* Dataset extract
------------------------------------------------------------------------
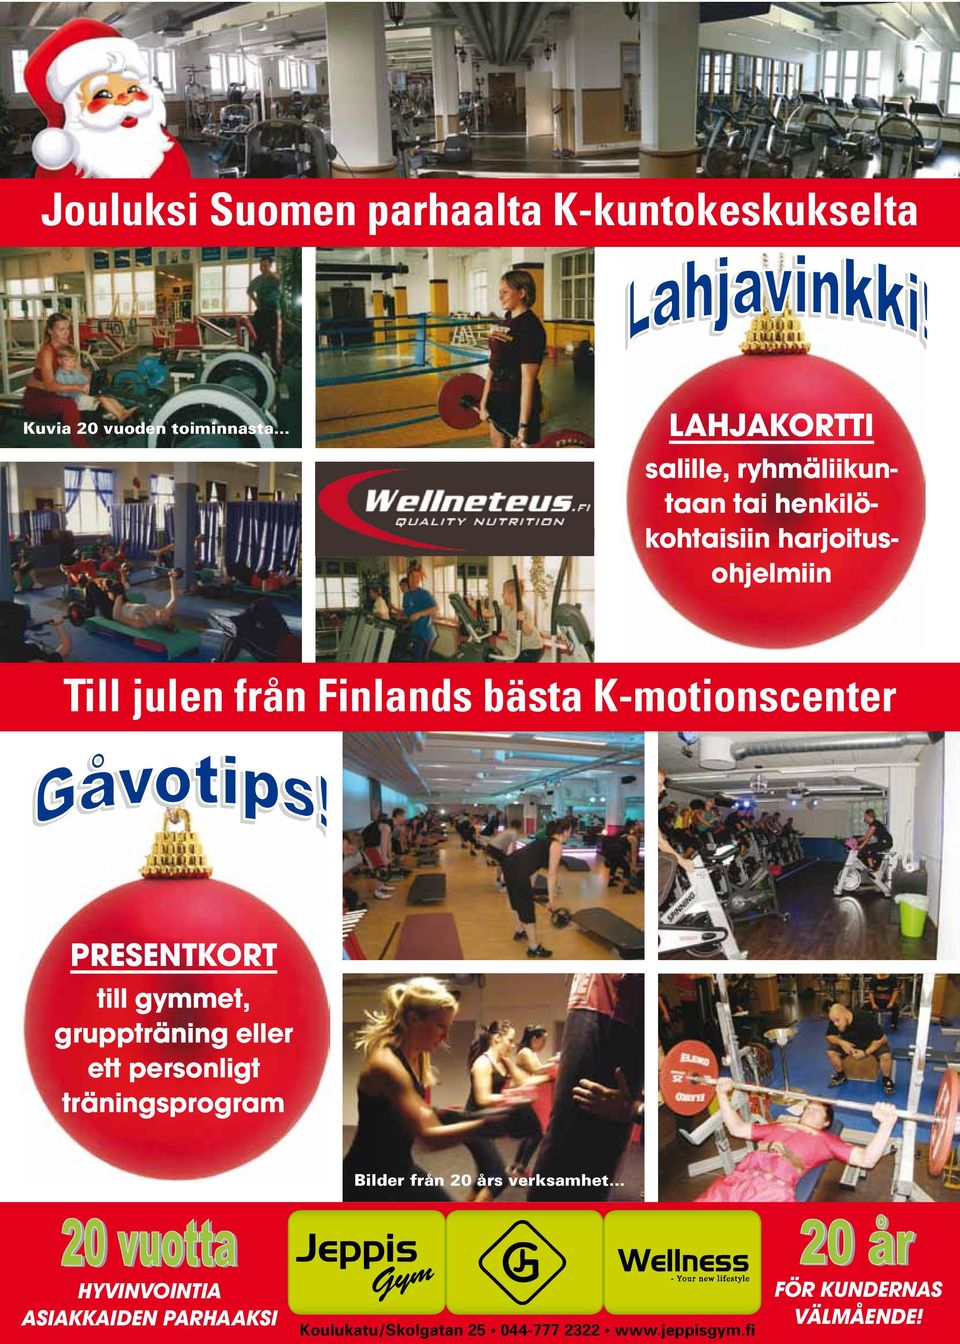 K-motionscenter Till julen från Finlands bästa K-motionscenter PRESENTKORT PRESENTKORT till gymmet, gruppträning eller eller ett personligt ett personligt
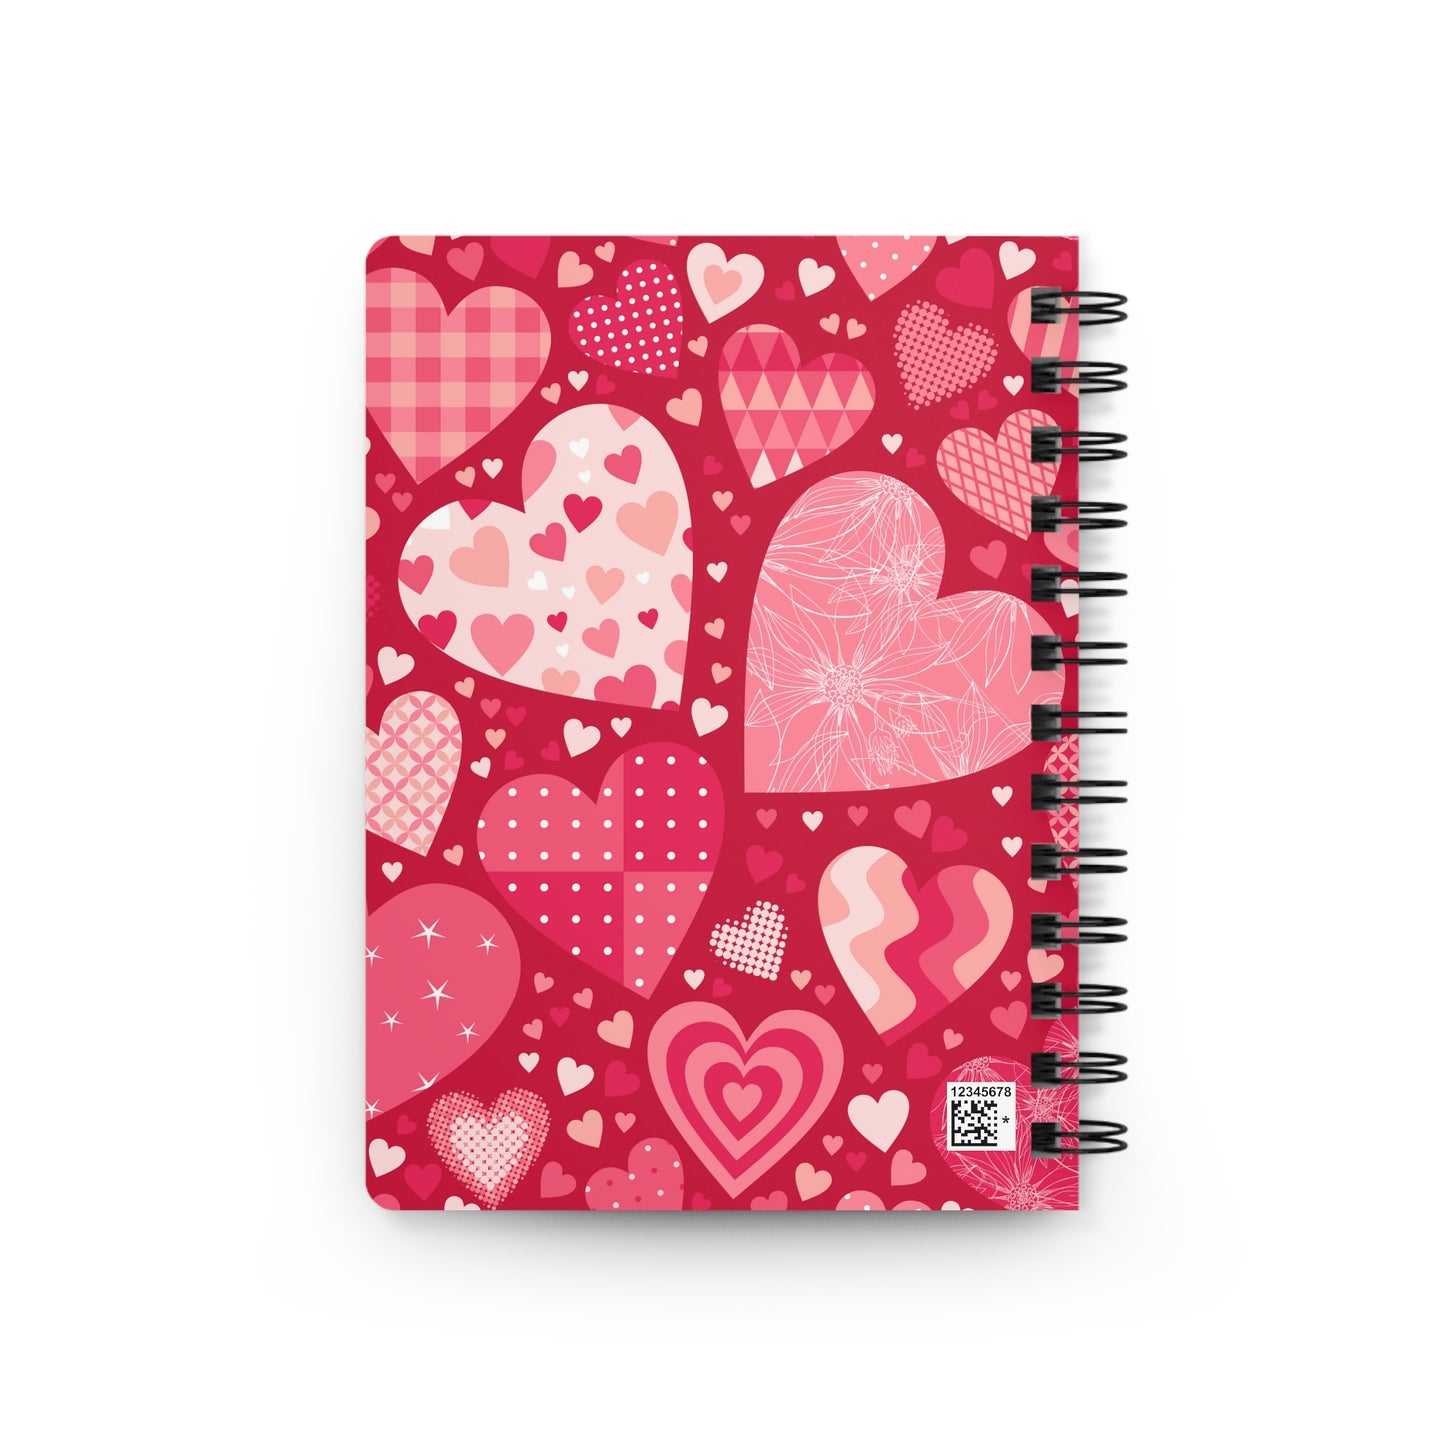 Blissful Hearts Spiral Bound Journal
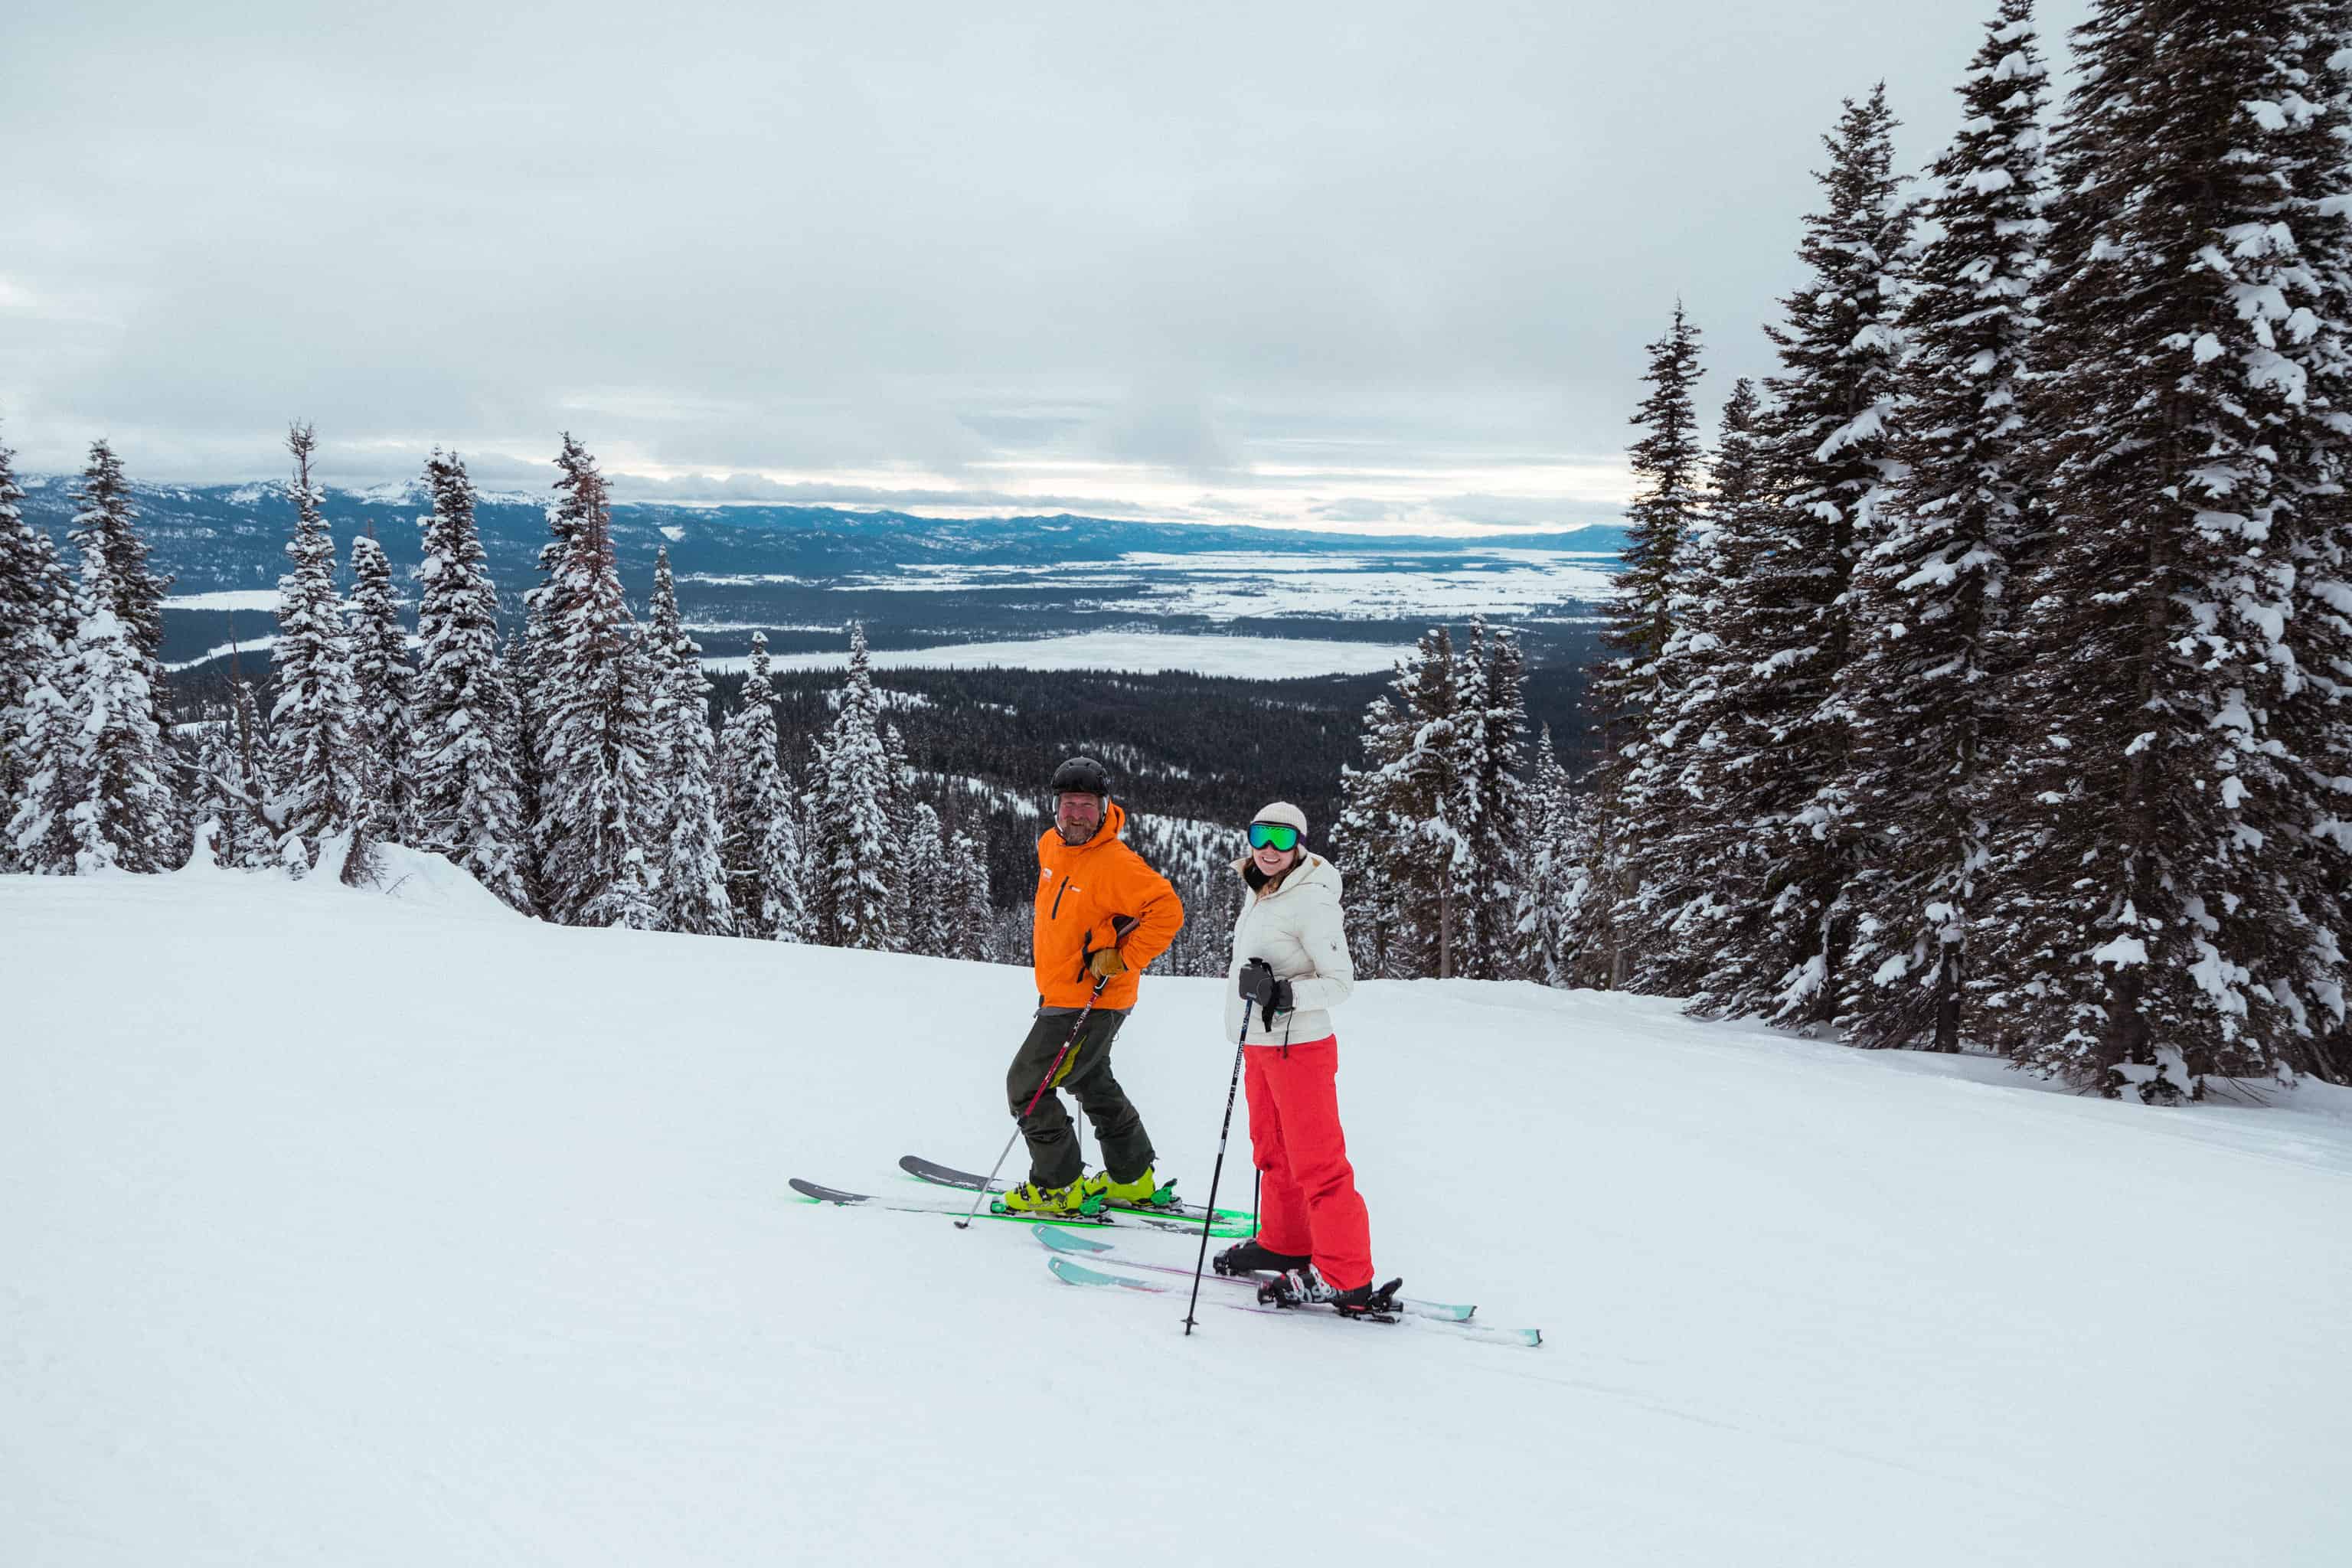 Things To Do In Idaho - Ski on Brundage Mountain
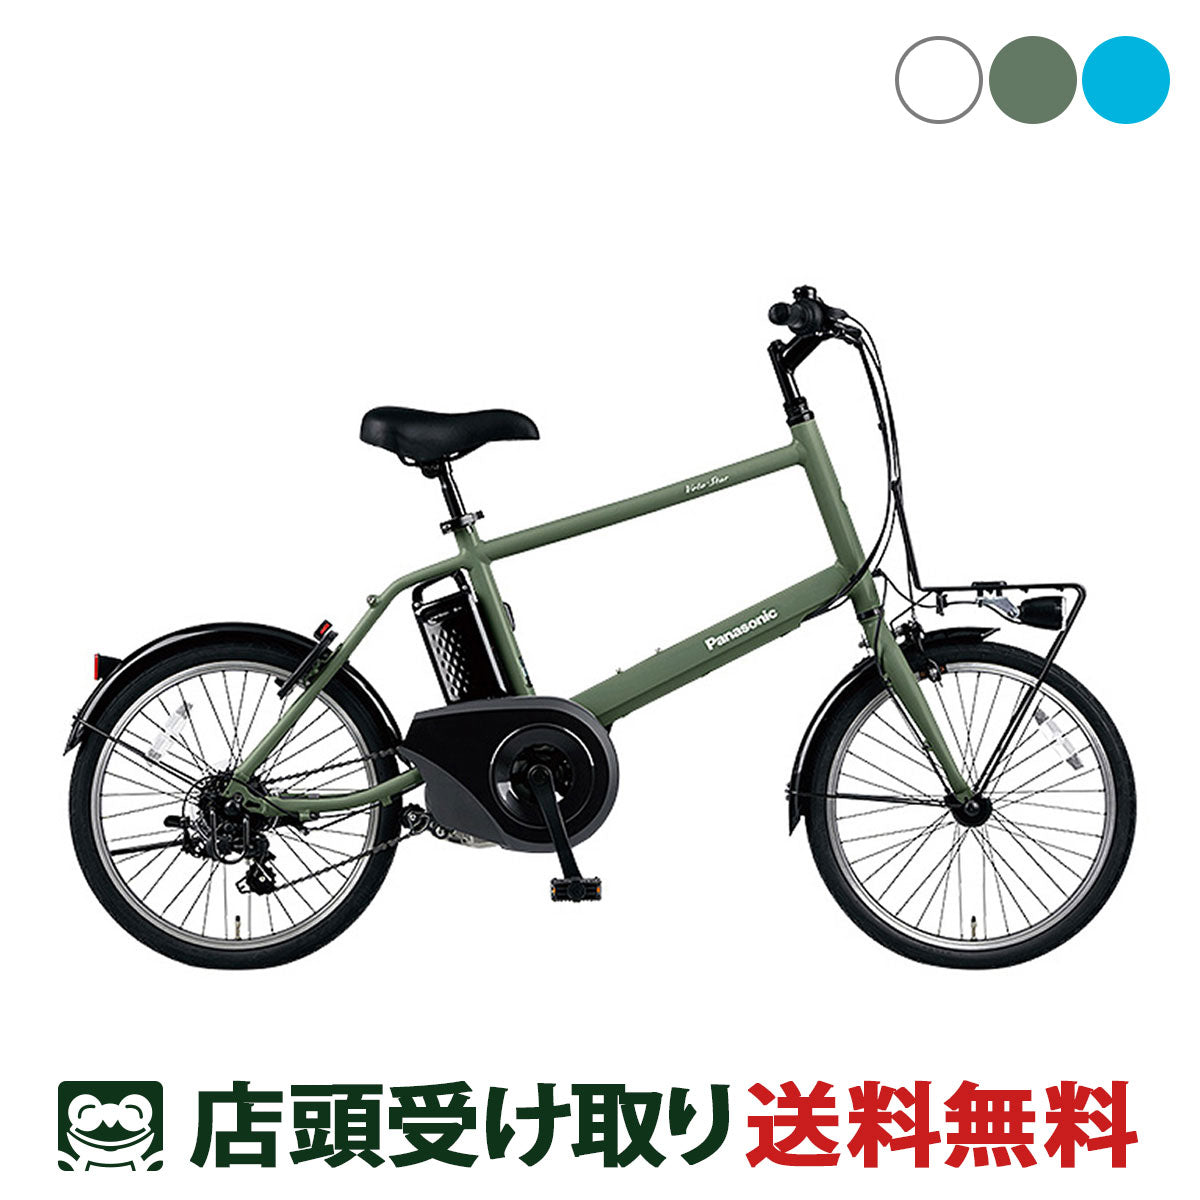 panasonic 電動自転車 - 電動アシスト自転車
------------------------------------------------------------------------
* Task to carry out
Output the full listing verbatim, but drop the images.

* Reply
 K-motionscenter Till julen från Finlands bästa K-motionscenter PRESENTKORT PRESENTKORT till gymmet, gruppträning eller eller ett personligt ett personligt
 Blissful Hearts Spiral Bound Journal
 Things To Do In Idaho - Ski on Brundage Mountain
 panasonic 電動自転車 - 電動アシスト自転車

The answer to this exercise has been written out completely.